Nathan Davis covers small Illinois towns along with Carbondale. He writes from his home in Idaho 1,600 miles away. Although Davis occasionally visits family in Illinois, he doesn’t report from there.

“My areas of coverage are Will County and Southeastern and Southwestern Illinois,” he said in an interview. “I write hyperlocal content… These little stories mean a lot to the community. People up in Chicago might not care, but the people in the community care. Everyone likes to hear about someone from their local community.

“I found this job through freelancewritinggigs.com. I applied and they interviewed me and gave me a writing test…I am salaried, but there are different tiers to payment. A whole article is around $125, a press release is $15. But a press release only takes fifteen minutes to write. I have also done work by the word.”

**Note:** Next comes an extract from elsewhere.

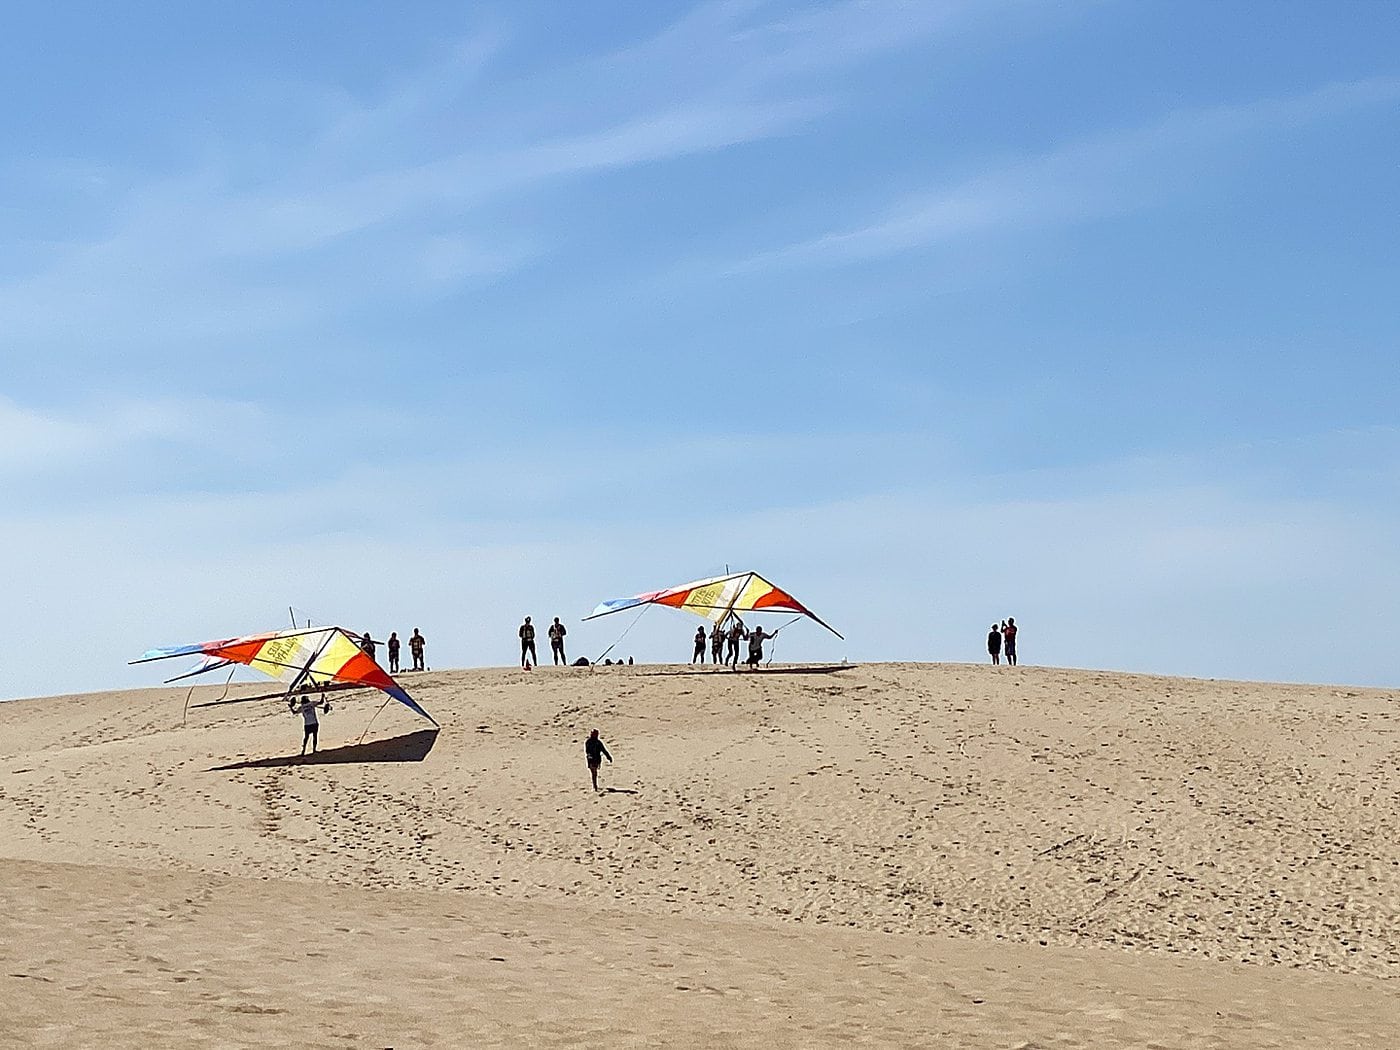 Hang gliding in the Outer Banks of NC with colorful red, yellow and blue hang gliders and tan colored sand dunes and blue sky at Jockey's Ridge State Park in Nags Head.

Davis said he never interviews people in person, and does not visit the communities he covers as part of his reporting. Instead he interviews by telephone and email, writing four or five stories a week.

“I do a lot of research for my stories. I sit down and Google a topic and get as much background information as possible. I go on YouTube and look at sports highlights, and then I interview at least three people and get different points of view.

“I like finding stories that people might not know about. For example, I did a story on roller derby in DuPage,” he said. After writing the story, Davis was in Illinois visiting family and went to attend the event in person, although the visit did not figure in his story, which already had been published.

Another reporter, Olivia Olsen, has written stories for the Austin American Statesman, the Northern California Record, the Louisiana Record, and the Florida Record.

Olsen, who lives in Austin, does not conduct any of her reporting in person. “I would love to travel, but most work is online,” she said. She prefers interviewing subjects over the phone.

“There is not a big difference between interviewing someone in person versus over the phone. It is just a conversation, and you can have a conversation over the phone. It is easier to interview someone over the phone than in person.

“There are pros and cons to having someone on the ground,” she said. “The hyperlocal content we write does not require someone on the ground. Having journalists on the ground in every small town is just not feasible.”

Olsen said she has never met a representative from ICS in-person. “We do conference calls, but never meet.”

“It’s a job, like any other. It is the best job I’ve ever had. I love writing, and it gives me the opportunity to do it. I get to set my own schedule. I don’t have to worry about being somewhere for eight hours.”

Some of the radio stations that receive content from the IPI’s Illinois Radio Network don’t like to use the stories.

WRXX and WILY in Centralia, Ill. receive IRN content. Monica Seals, the acting news director, refuses to use it.

“I am not crazy about the IRN’s writing. The IRN’s grammar and style are not professional. A lot of the stories have sentences that end in prepositions,” Seals said. “Also, a lot of the IRN’s stories are not balanced. A lot of the articles are very right leaning,” Seals continued.

“The IRN’s stories tend to err on the side of Gov. Bruce Rauner. There is a very clear bias,” Seals said. Instead, Seals chooses to use the Associated Press as a source of news content.

“The AP offers better coverage, better writing, and they are not biased. Your regular newspapers report both sides. We are going to quote Gov. Rauner and Mike Madigan. We give fair coverage. But that is not what everyone wants these days,” Seals said.

“With the (Dan) Proft publications, you are getting Rush Limbaugh in print. You are getting Alex Jones in print. It is filling the demand for biased coverage. And while the IRN’s content and motives are questionable, their stories are also poorly written,” Seals said. “It is obviously not written by professionals, or even people with a firm grasp of the English language,” Seals said.

Americans must question the source and legitimacy of their news, she added, and exercise critical thinking when consuming media. “Media literacy is important.”